# TriTrix, Karma Indignia kits or..



## ZAKOH (Nov 26, 2010)

Does anyone have experience with TriTrix kits? I need to build or buy two audio systems for general purpose/TV. One will probably be a decent mid-level 2.1 or 5.1 system on the second floor to be used by the more avid movie/music fans. The other one will be low end, it only needs to be better than the built in TV speaker. For the former, I am thinking of going with the Dayton Reference speaker and subwoofer kits sold by parts express (e.g. Dr. K's MTM). For the later, something cheap will do. What do you think of tritrix? Is it better or worse than off the shelf speaker systems for the same price? What about Karma Indignia? Both cost around $300 or less in raw parts.


----------



## AndyInOC (Jul 22, 2008)

Maybe look at the plop in a box design for your low end build or the zaph budget aluminum 2 way with the da-175 mid & I think a seas tweet. Should both hit your sub 300 price point.


----------



## videsh (Apr 16, 2009)

Currently using the Tritrix TL towers as my mains in my 5.1. I really don`t think these things can be beat for the money. The TL digs deep, you get response into the upper 40hz range. When is use in stereo mode for music, everything is really balanced and for most music they fare really well. 

As for the smaller kit you`re looking for, you can check here:

Speaker Kits DIY Sound Group

or here:

DIY Speaker Components | Replacement Speakers | and Speaker kits from Meniscus Audio Group

the overnight sensations have gotten rave reviews for the sound they put out vs their size.
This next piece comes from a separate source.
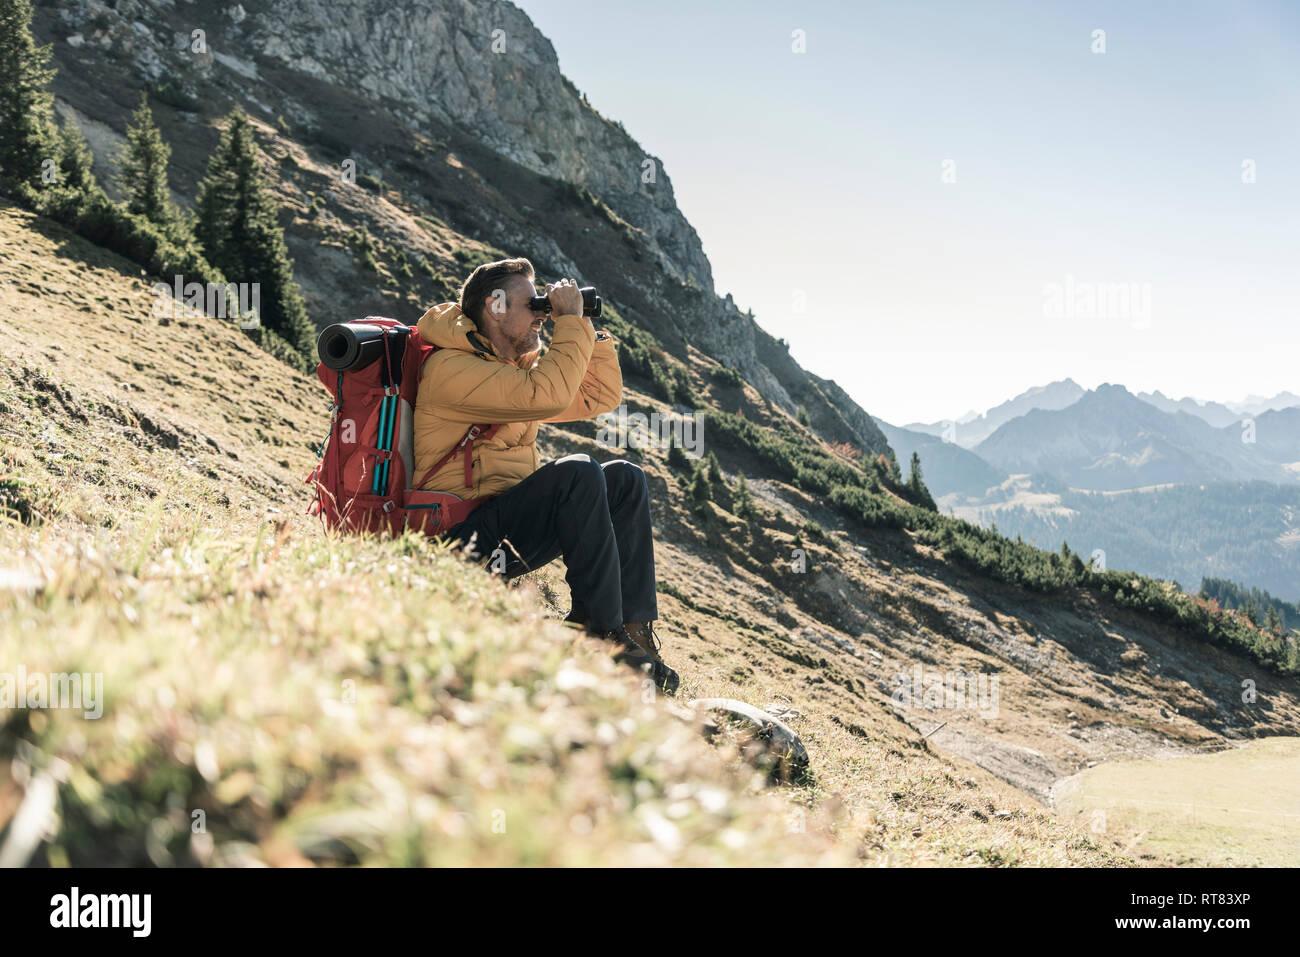 Austria, Tyrol, man having a break during a hiking trip in the mountains looking through binoculars Stock Photo
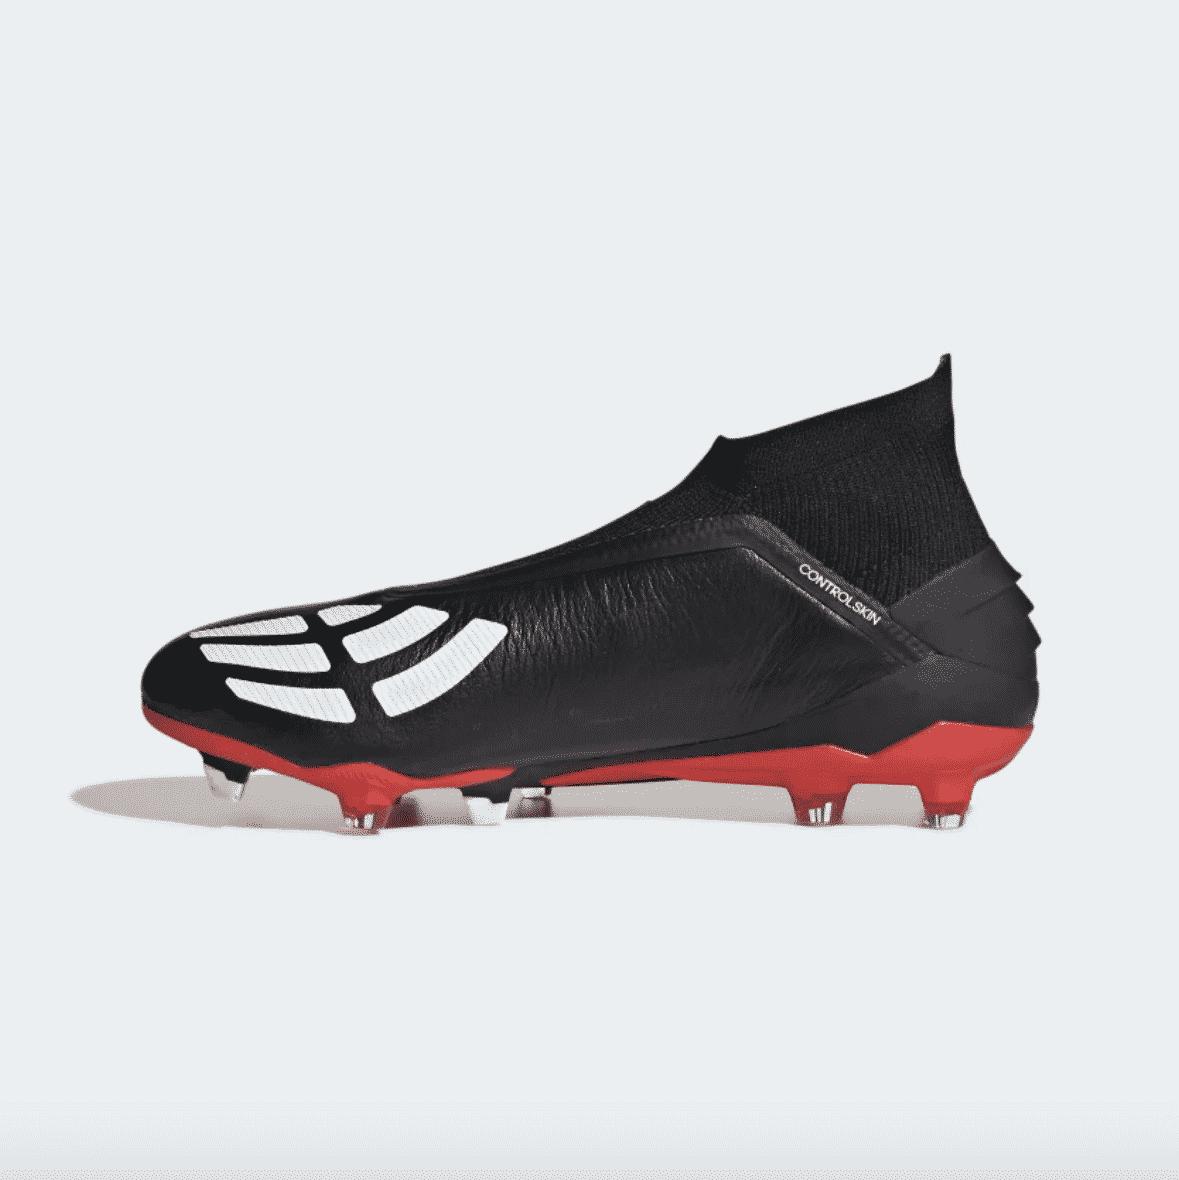 adidas-predator-19+-reedition-predator-mania-noir-6

I myself am currently building the Nano Neos from the first link.


----------



## its_bacon12 (Aug 16, 2007)

For the latter, why not Wolf's PC speakers? It's simply a Aura NS3 8 ohm on special at madisound with a 1000uf capacitor in series all in a 64 cubic inch net enclosure. $30 in parts.

The other one, how about a Aurasound MLTL Jim Griffin's Aura T-line 2-way - Techtalk Speaker Building, Audio, Video, and Electronics Customer Discussion Forum From Parts-Express.com ~$200 in parts

or Stentorians - http://www.parts-express.com/project-gallery/speaker-projects/ go to page 4. $203 in parts from PE, build your own enclosures.


----------